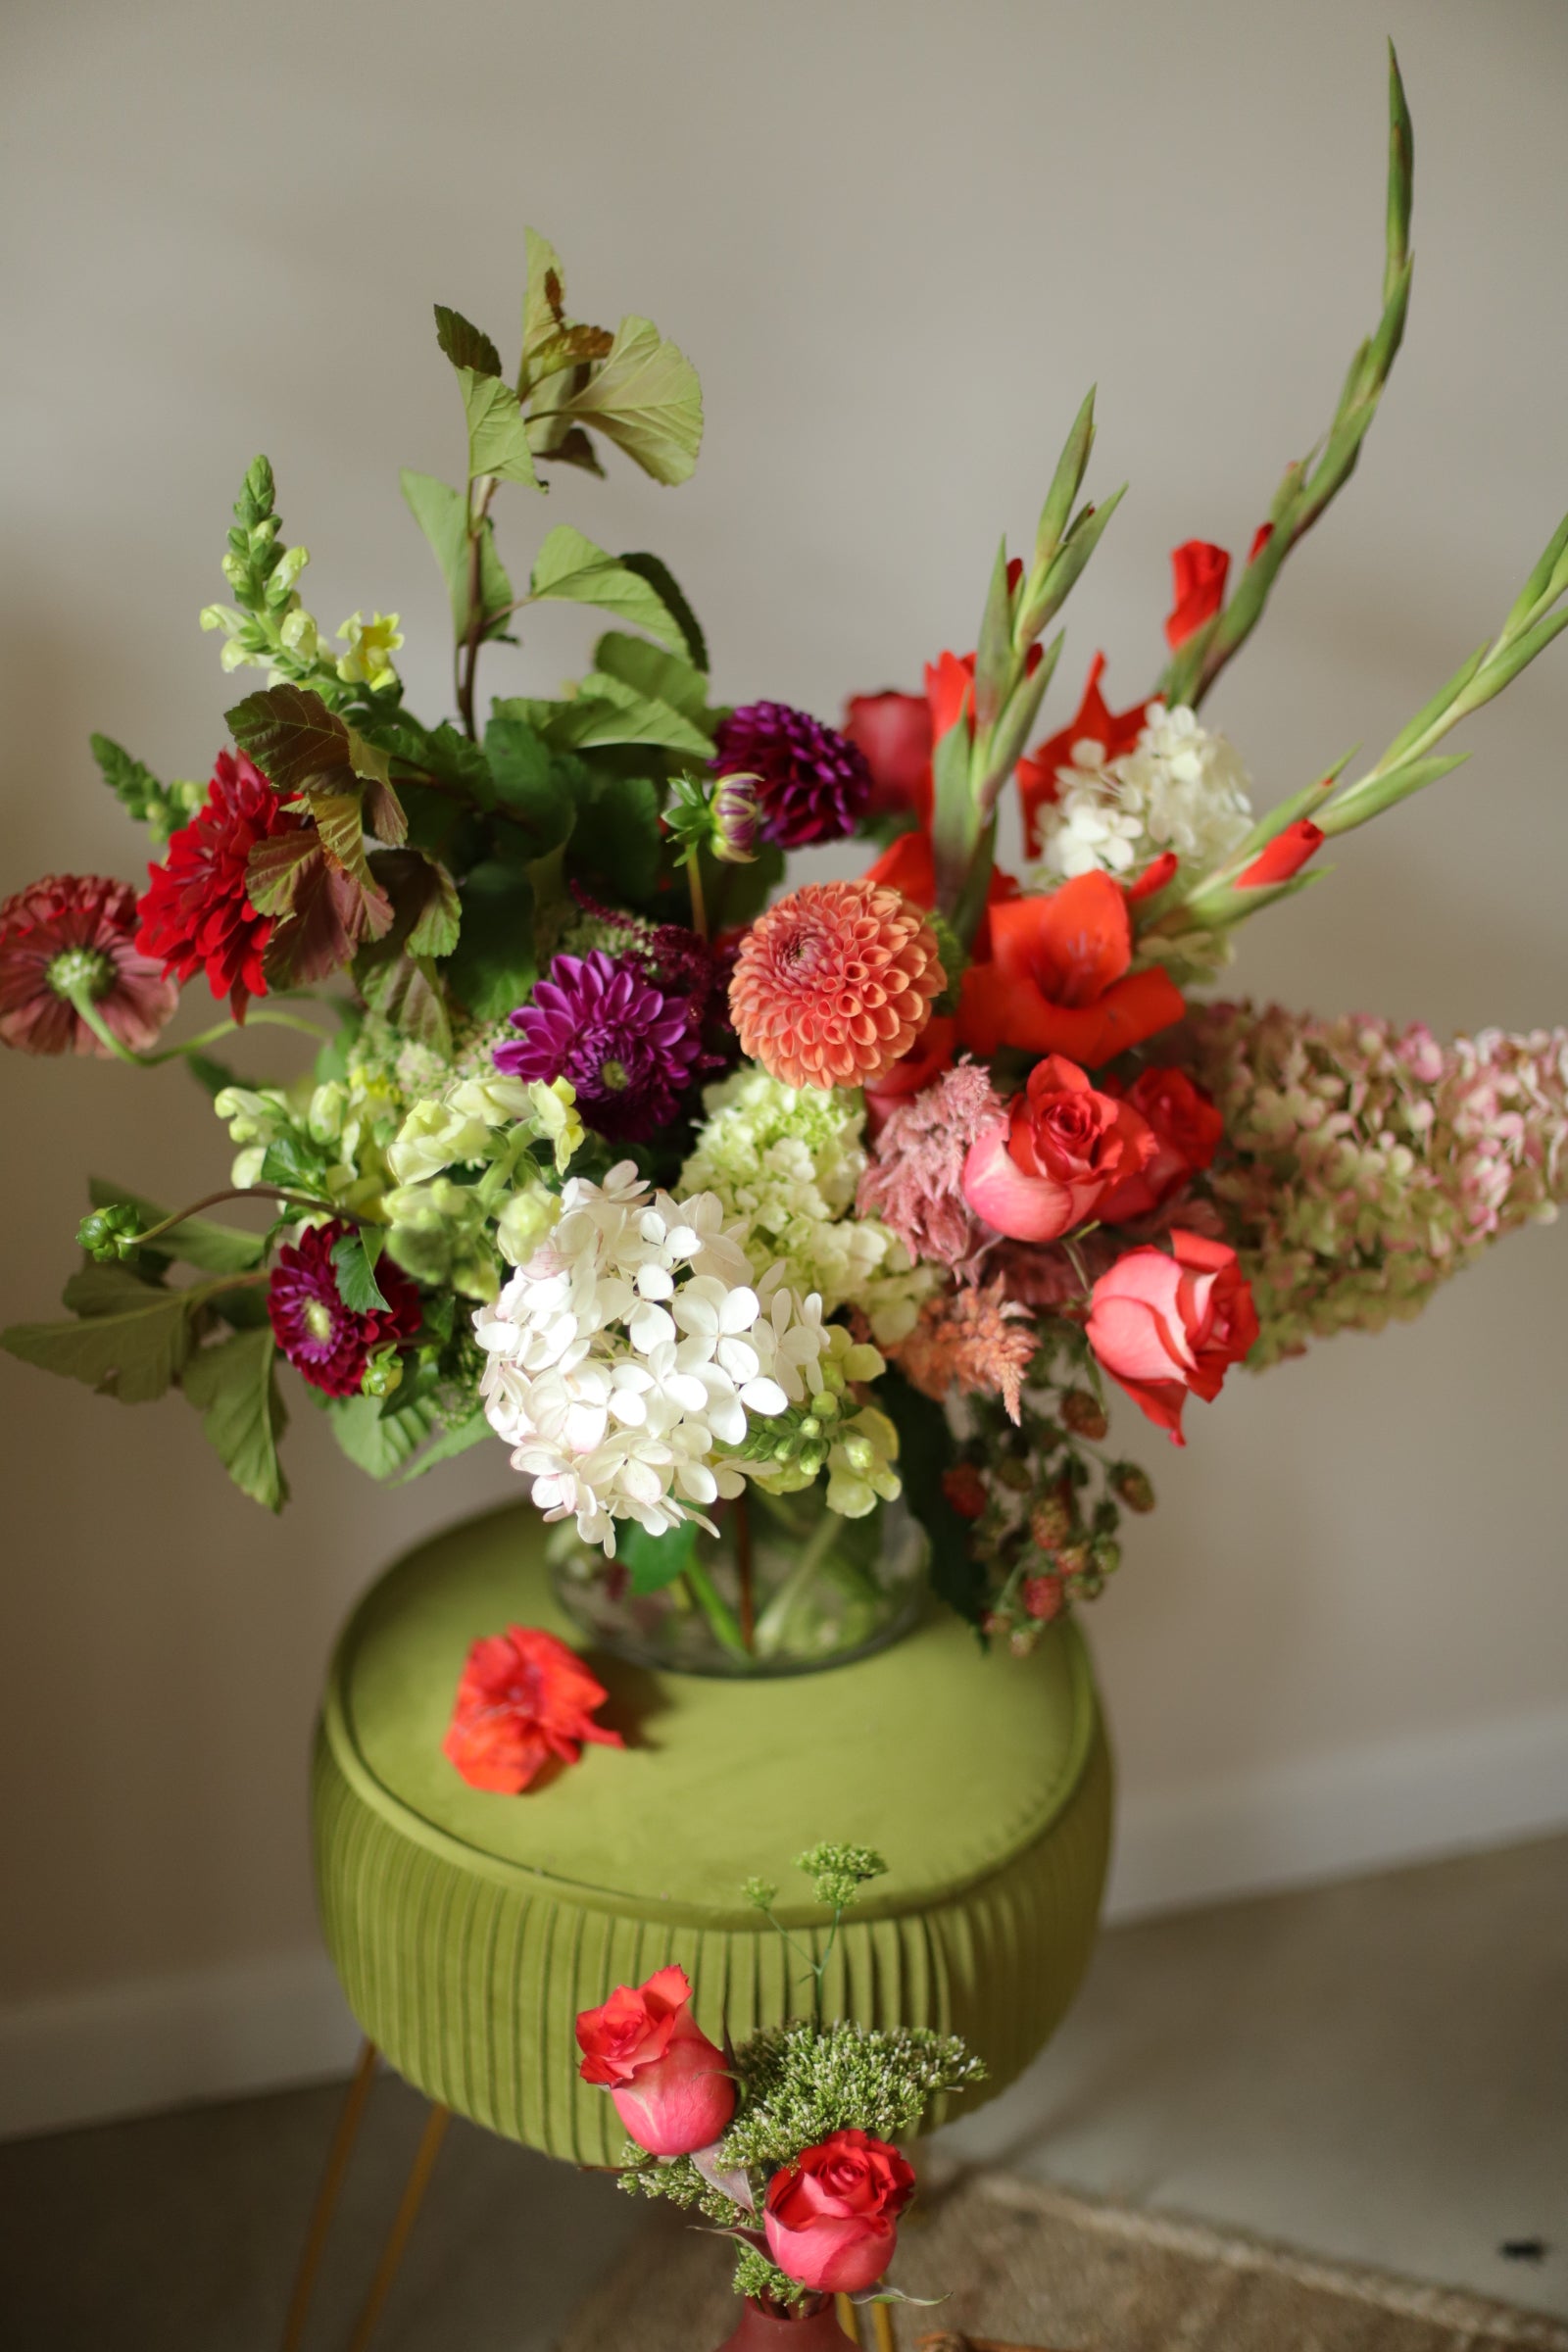 summer flower arrangement for delivery includes dahlias, hydrangeas, zinnias, and gladiolus
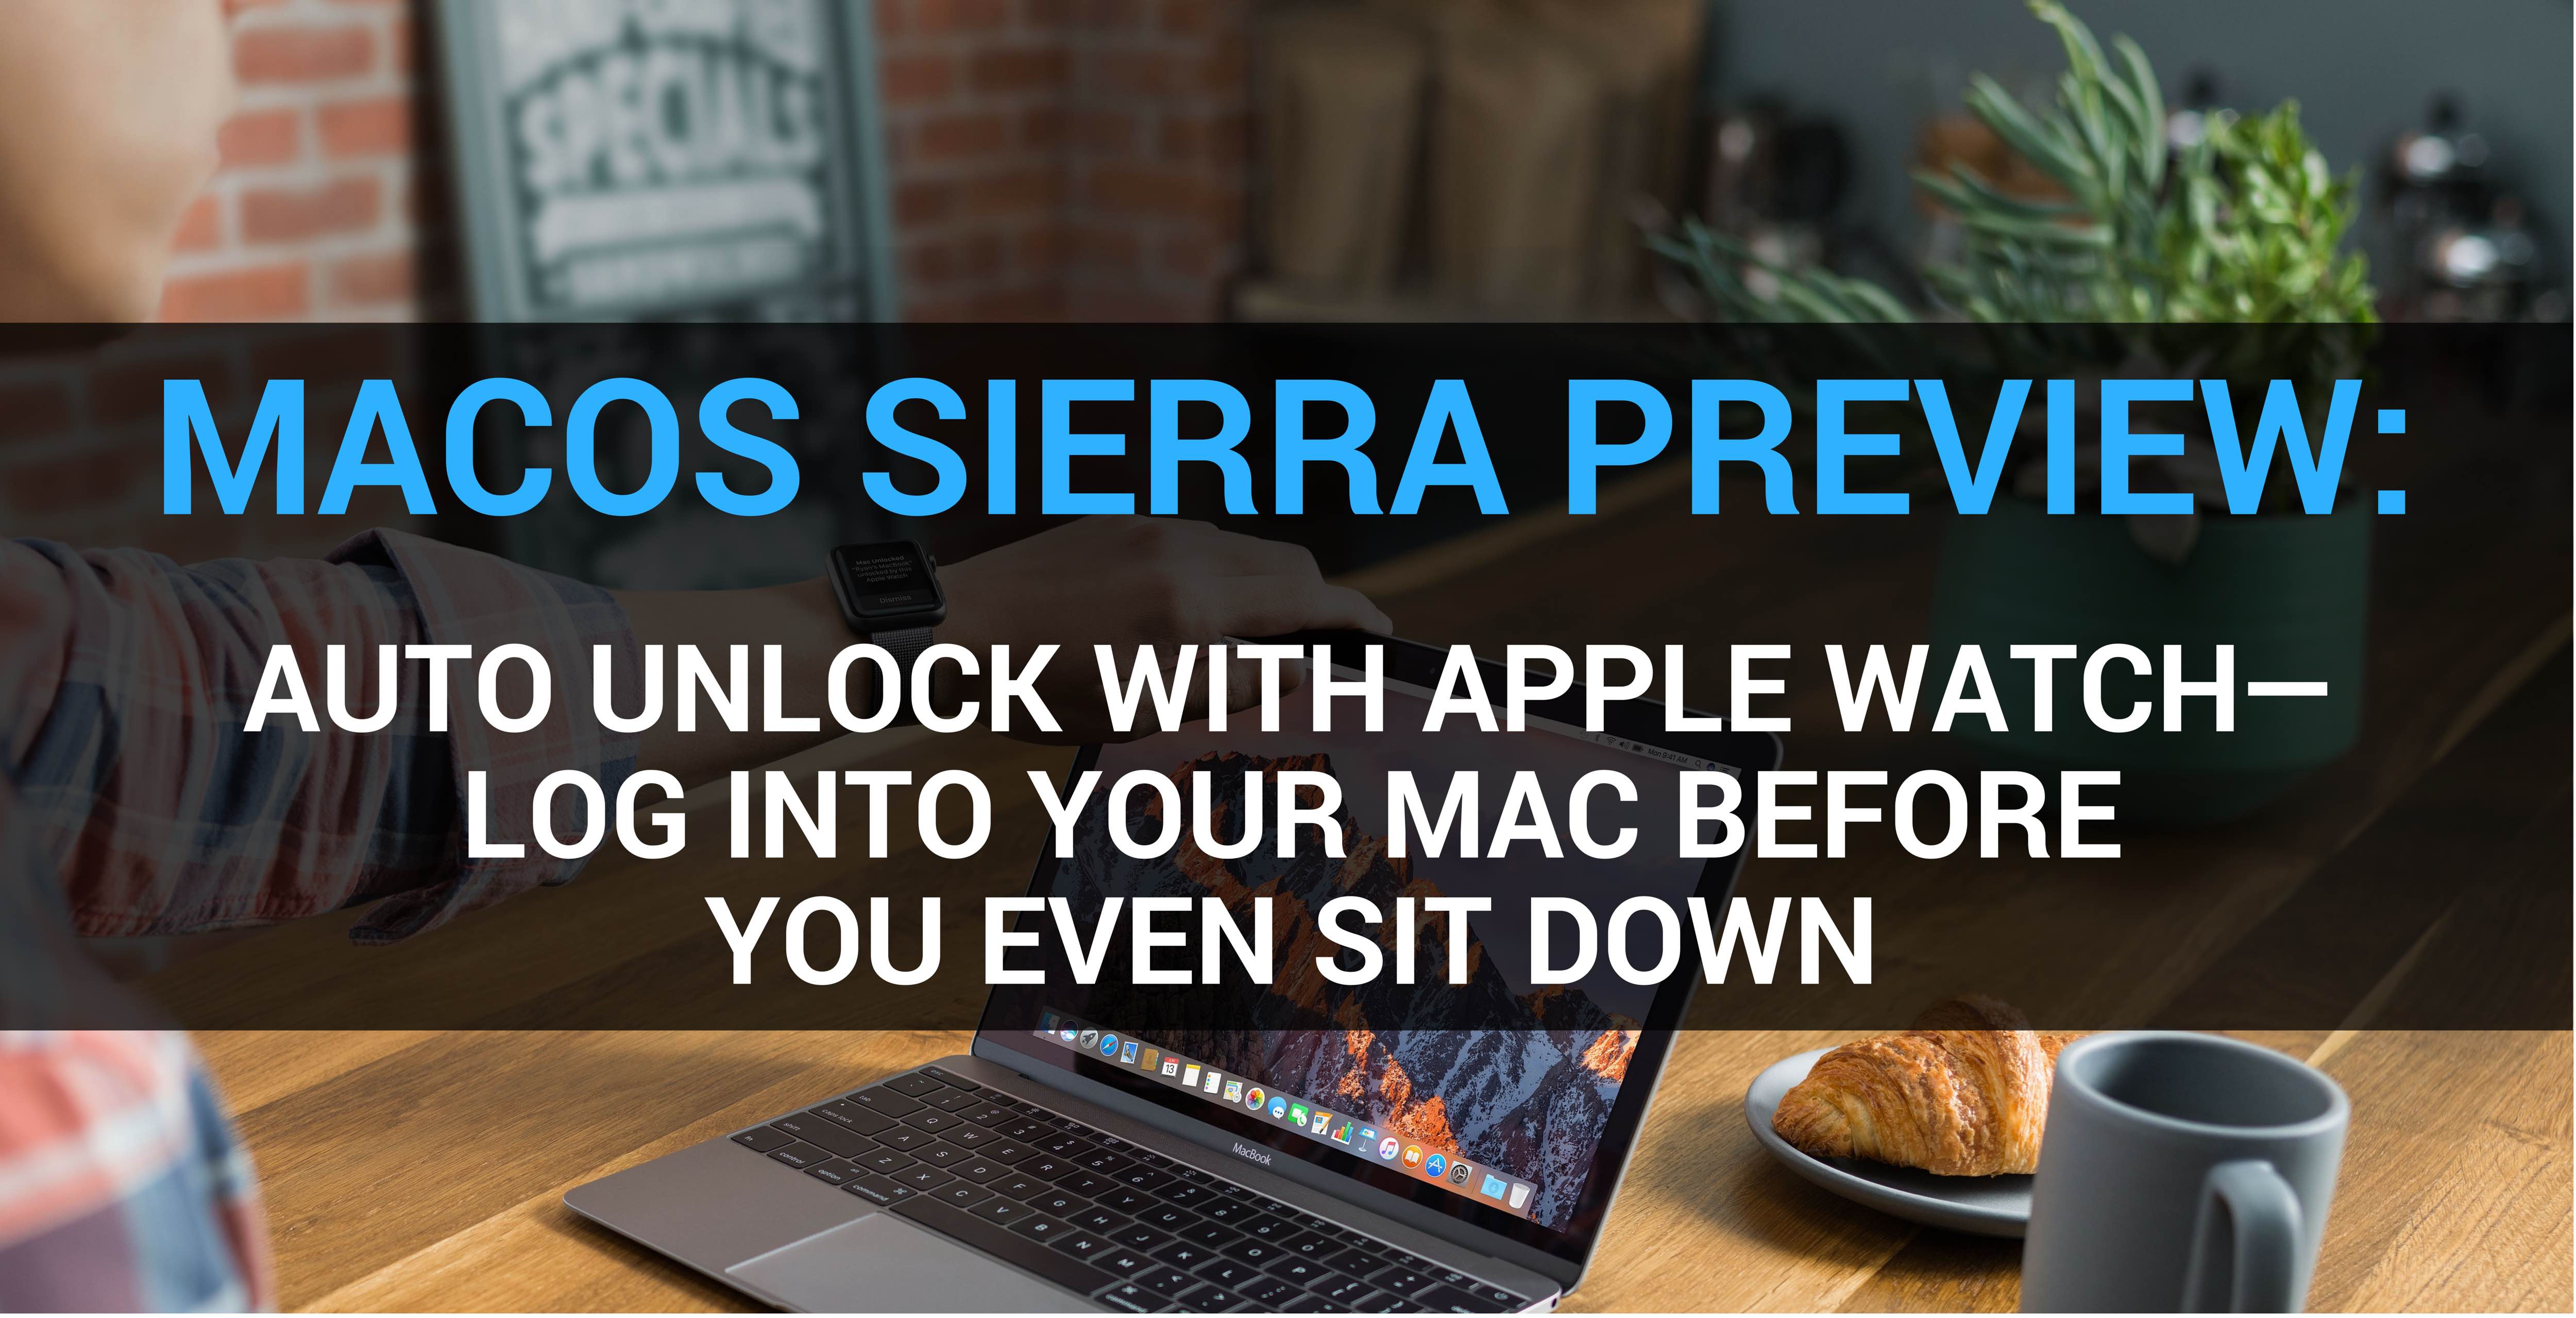 macOS Sierra Preview Auto Unlock teaser 001
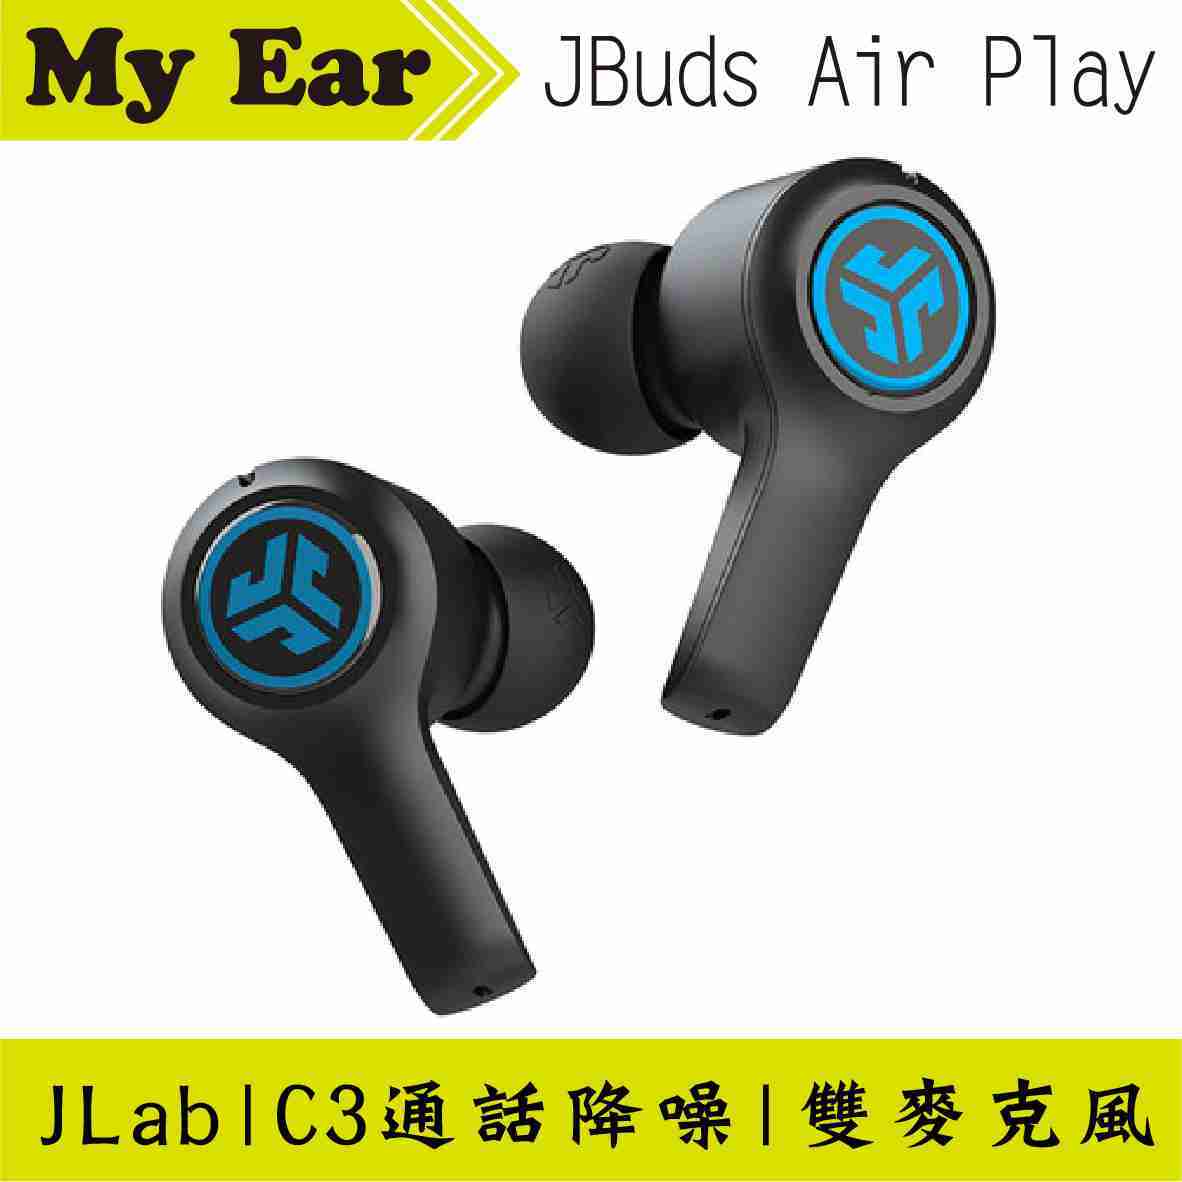 JLab JBuds Air Play 低延遲 雙麥克風 通話降噪 藍芽 電競 耳機 | My Ear 耳機專門店

**TASK:** Pictures aside, the material must be written out word for word.

**EXERCISE OUTPUT:**
 summer flower arrangement for delivery includes dahlias, hydrangeas, zinnias, and gladiolus
 macOS Sierra Preview Auto Unlock teaser 001
 JLab JBuds Air Play 低延遲 雙麥克風 通話降噪 藍芽 電競 耳機 | My Ear 耳機專門店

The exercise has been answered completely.